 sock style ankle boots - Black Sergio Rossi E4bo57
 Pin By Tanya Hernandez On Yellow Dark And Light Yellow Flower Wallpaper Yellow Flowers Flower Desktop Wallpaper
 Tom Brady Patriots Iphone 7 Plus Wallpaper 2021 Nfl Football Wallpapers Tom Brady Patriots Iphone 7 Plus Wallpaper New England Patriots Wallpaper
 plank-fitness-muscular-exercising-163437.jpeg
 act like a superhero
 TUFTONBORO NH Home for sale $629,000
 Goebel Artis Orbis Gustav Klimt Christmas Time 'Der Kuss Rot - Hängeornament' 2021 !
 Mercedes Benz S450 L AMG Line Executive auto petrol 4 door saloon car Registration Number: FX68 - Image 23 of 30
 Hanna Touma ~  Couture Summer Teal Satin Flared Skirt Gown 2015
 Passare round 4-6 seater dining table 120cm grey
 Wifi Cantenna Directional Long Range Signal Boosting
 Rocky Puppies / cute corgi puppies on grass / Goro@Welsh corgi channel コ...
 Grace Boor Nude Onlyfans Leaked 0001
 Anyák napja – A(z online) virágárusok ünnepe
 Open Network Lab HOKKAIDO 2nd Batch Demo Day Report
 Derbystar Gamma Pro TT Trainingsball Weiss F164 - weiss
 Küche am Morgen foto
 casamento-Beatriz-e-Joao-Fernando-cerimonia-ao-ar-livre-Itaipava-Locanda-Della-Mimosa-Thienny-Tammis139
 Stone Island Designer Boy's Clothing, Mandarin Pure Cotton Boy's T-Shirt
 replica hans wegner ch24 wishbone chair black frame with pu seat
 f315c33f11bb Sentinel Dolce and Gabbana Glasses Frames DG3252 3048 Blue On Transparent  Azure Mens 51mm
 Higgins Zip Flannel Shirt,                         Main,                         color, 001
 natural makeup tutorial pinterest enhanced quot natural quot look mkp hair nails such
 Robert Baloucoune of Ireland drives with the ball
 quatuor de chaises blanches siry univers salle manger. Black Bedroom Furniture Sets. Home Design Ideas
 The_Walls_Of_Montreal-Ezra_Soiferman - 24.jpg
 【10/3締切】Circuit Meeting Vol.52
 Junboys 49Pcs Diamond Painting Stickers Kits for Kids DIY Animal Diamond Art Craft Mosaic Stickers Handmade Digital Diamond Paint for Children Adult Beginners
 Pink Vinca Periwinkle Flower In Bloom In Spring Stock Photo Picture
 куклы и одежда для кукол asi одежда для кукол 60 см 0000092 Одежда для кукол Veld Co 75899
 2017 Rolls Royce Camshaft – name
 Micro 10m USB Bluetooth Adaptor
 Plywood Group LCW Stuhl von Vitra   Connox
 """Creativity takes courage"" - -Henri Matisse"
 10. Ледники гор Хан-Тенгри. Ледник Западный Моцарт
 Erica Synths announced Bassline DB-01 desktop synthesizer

(Exercise directions):
Start to finish, output the whole listing exactly.

(Response):
 sock style ankle boots - Black Sergio Rossi E4bo57
 Pin By Tanya Hernandez On Yellow Dark And Light Yellow Flower Wallpaper Yellow Flowers Flower Desktop Wallpaper
 Tom Brady Patriots Iphone 7 Plus Wallpaper 2021 Nfl Football Wallpapers Tom Brady Patriots Iphone 7 Plus Wallpaper New England Patriots Wallpaper
 plank-fitness-muscular-exercising-163437.jpeg
 act like a superhero
 TUFTONBORO NH Home for sale $629,000
 Goebel Artis Orbis Gustav Klimt Christmas Time 'Der Kuss Rot - Hängeornament' 2021 !
 Mercedes Benz S450 L AMG Line Executive auto petrol 4 door saloon car Registration Number: FX68 - Image 23 of 30
 Hanna Touma ~  Couture Summer Teal Satin Flared Skirt Gown 2015
 Passare round 4-6 seater dining table 120cm grey
 Wifi Cantenna Directional Long Range Signal Boosting
 Rocky Puppies / cute corgi puppies on grass / Goro@Welsh corgi channel コ...
 Grace Boor Nude Onlyfans Leaked 0001
 Anyák napja – A(z online) virágárusok ünnepe
 Open Network Lab HOKKAIDO 2nd Batch Demo Day Report
 Derbystar Gamma Pro TT Trainingsball Weiss F164 - weiss
 Küche am Morgen foto
 casamento-Beatriz-e-Joao-Fernando-cerimonia-ao-ar-livre-Itaipava-Locanda-Della-Mimosa-Thienny-Tammis139
 Stone Island Designer Boy's Clothing, Mandarin Pure Cotton Boy's T-Shirt
 replica hans wegner ch24 wishbone chair black frame with pu seat
 f315c33f11bb Sentinel Dolce and Gabbana Glasses Frames DG3252 3048 Blue On Transparent  Azure Mens 51mm
 Higgins Zip Flannel Shirt,                         Main,                         color, 001
 natural makeup tutorial pinterest enhanced quot natural quot look mkp hair nails such
 Robert Baloucoune of Ireland drives with the ball
 quatuor de chaises blanches siry univers salle manger. Black Bedroom Furniture Sets. Home Design Ideas
 The_Walls_Of_Montreal-Ezra_Soiferman - 24.jpg
 【10/3締切】Circuit Meeting Vol.52
 Junboys 49Pcs Diamond Painting Stickers Kits for Kids DIY Animal Diamond Art Craft Mosaic Stickers Handmade Digital Diamond Paint for Children Adult Beginners
 Pink Vinca Periwinkle Flower In Bloom In Spring Stock Photo Picture
 куклы и одежда для кукол asi одежда для кукол 60 см 0000092 Одежда для кукол Veld Co 75899
 2017 Rolls Royce Camshaft – name
 Micro 10m USB Bluetooth Adaptor
 Plywood Group LCW Stuhl von Vitra   Connox
 """Creativity takes courage"" - -Henri Matisse"
 10. Ледники гор Хан-Тенгри. Ледник Западный Моцарт
 Erica Synths announced Bassline DB-01 desktop synthesizer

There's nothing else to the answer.